Kelly Crigger's Blog - Posts Tagged "editing"

Writing is Only Half the Battle

Writing is only half the battle in publishing. Marketing is the other. In book publishing, a crappy book can sell tons of copies if it’s marketed well, while a masterpiece that isn’t marketed can go completely unread. In today’s digital world, information is brought to you at blinding speeds by literally billions of sources. Getting your right book in front of the right person at the right time in the right way with the right message is the only thing that separates bestsellers from bottom dwellers.

As an example of what I’m talking about, I wrote a book called Curmudgeonism, which was aimed at middle aged men and veterans.
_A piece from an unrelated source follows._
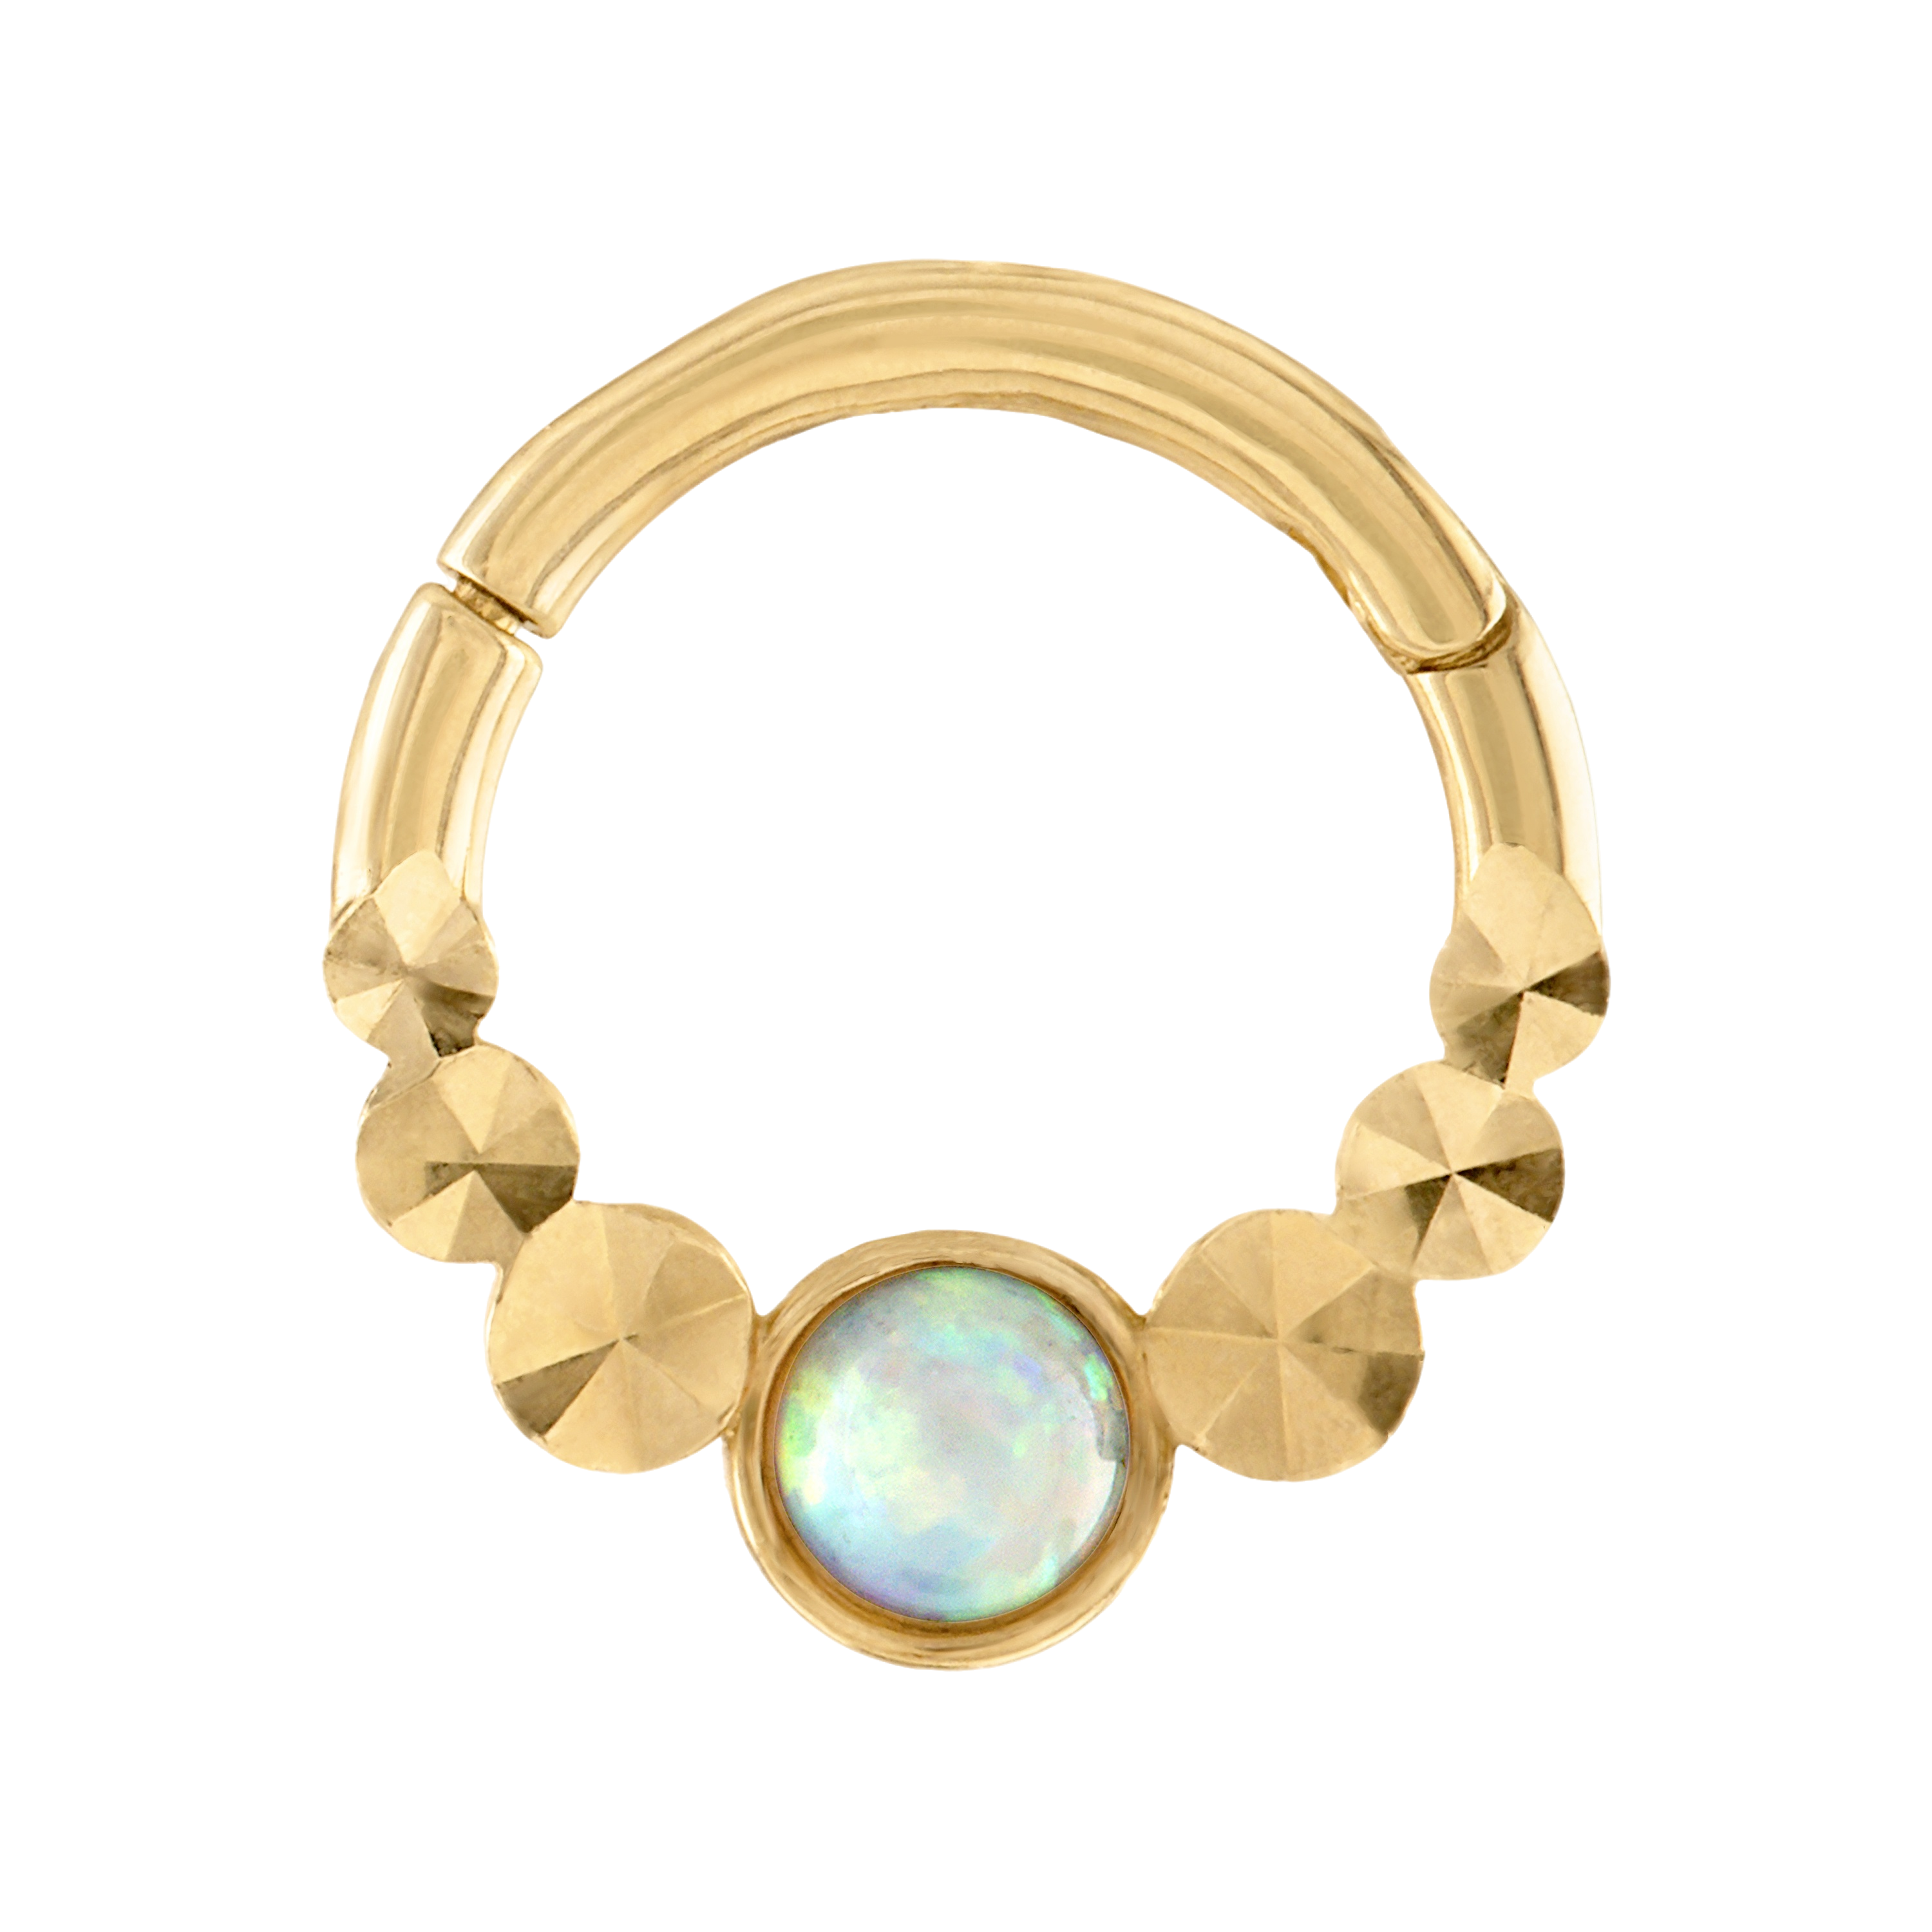 10K Solid Gold Septum Clicker With Opal Stone

I did a bunch of marketing that had very little impact on sales, but then I did an interview with a small Florida paper called the Palm Beach Post and sales skyrocketed. Same when Blackfive.net posted a review of the book. I realized right away that these were the right types of outlets for my readership and continued targeting them. Here are a few marketing tips for new authors:

Getting your book in front of celebrities or people with a big social media following is always good, but don’t rely too much on social media like Facebook and Twitter. The shelf life of a tweet is 3 minutes and facebook has made it very difficult to get your posts seen in the average person’s timeline unless you pay for it by boosting posts. Instagram is more effective at generating sales than Twitter and Facebook. YouTube is even better, especially if you can create a character that people want to watch on a regular basis. Just look at how Nick Palmisciano from Ranger Up uses video to sell products.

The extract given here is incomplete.